Un laboureur de la montée des Egaux, vieux guerrier rentré dans ses foyers, a rencontré, sous sa charrue, des ossements mêlés à des tronçons d'armes dévorés par la rouille; pensif, il arrête ses bœufs dont le dos roux et blanc fume de sueur, et, du bout de l'aiguillon, il tourne et retourne le fer et les ossements.

– « Qu'avez-vous donc trouvé là, brave homme?

– « Ah! jeune monsieur, ça me fait pourtant quelque chose, quand l'outil qui sert à gagner mon pain remue les os de ceux qui en ont mangé autrefois! Mais c'est la guerre! Ceux de la bataille des Egaux mangent à présent la poussière.

– « Une bataille dans cet endroit, vieux granger!... Parlez-moi de Boisy, ici près ses tours ont vu des combats, et le grand étang a plus d'une fois rougi de sang... Mais, à cette montée isolée de la plaine, rien ne peut rappeler une bataille.

– « Vous n'avez donc point vu la grande pierre et les deux clefs sculptées dessus, la pierre de César (borne militaire sur la voir du Rodumna de Strabon à Clermont par Vichy), à présent enterrée pour faire la route?

Les anciens m'ont dit que c'était là que les Egaux se battirent, Français et Anglais, vers l'an mil et tant'... Vous riez, et vous n'avez pas vu ce chiffre sur l'almanach, il ne m'en chaut... Mais pourquoi ces damnés d'habits rouges sont-ils toujours à la traverse de nos conscrits?
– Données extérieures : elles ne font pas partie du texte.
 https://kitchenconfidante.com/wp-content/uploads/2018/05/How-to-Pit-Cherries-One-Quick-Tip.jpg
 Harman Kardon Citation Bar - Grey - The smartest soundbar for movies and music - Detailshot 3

Les Egaux! de chaque côté, ils étaient trente, en tout soixante cavaliers, tout de fer bardés, et les chevaux étaient sellés d'acier qui reluisait comme l'étang au lever du soleil.
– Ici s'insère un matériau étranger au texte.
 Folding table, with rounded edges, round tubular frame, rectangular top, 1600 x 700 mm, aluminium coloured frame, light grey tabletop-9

– « Vraiment on dirait que vous-même les avez vus, mon brave! Oh! si vous l'aviez rêvé, un soir que vous auriez fêté la rivole des charriages (fête des charrois )!...

– « Non, pardine, non pas! Une nuit, je m'attardai près de la grande pierre de César, et, oubliant ma soupe et notre femme qui la trempait, je laissai mes bœufs pâturer dans le guéret et m'endormis à la belle étoile.

– « Il fait si bon, n'est-ce pas, laboureur, à faire première (dormir la première heure après diner) au pied d'un gerbier, sous le ciel bleu cloué d'argent.

– « Tout à coup un grand bruit me réveille... Mais je ne vois rien, rien que la lune à demi cachée sous un nuage noir bordé de jaune et mes deux bœufs qui ruminaient tranquillement.

« Sortent de terre soixante cavaliers, trente à ma droite, trente à ma gauche... La sueur perle à mon front... Ils galopent au son d'une trompette aigre et discordante, lançant du feu par les naseaux, ces chevaux décharnés dont les os craquent et les quatre fers font feu sur les cailloux; ils galopent, et les chaumes de blé se versent, comme sous l'aurisse! Mes bœufs ruminaient cependant.

« Fer contre fer, lame contre lame, les lances grincent sur les têtes d'acier; les chevaliers tombent et roulent en jetant de grands cris et des jurons qui grondaient comme un tonnerre. Comme je vous priais, ô grand saint Isidore, patron des laboureurs, bon saint, que j'arrose si bien le jour de votre fête!

« Mais ne riez pas, jeune bourgeois! Les cheveux m'en dressent encore sous mon bonnet de laine... Et les soixante couraient et se heurtaient; chaque épée luisait comme la flamme. Il en tomba plus de cinquante!... Mes bœufs broutaient, sans prendre garde aux chevaux qui ne mangent pour avoine que du feu, et les morts se rangeaient sur la terre, comme les gerbes sous le volant du moissonneur.

– « Vous me feriez peur, ô bouvier, si ce n'était le rêve de la Saint-Isidore!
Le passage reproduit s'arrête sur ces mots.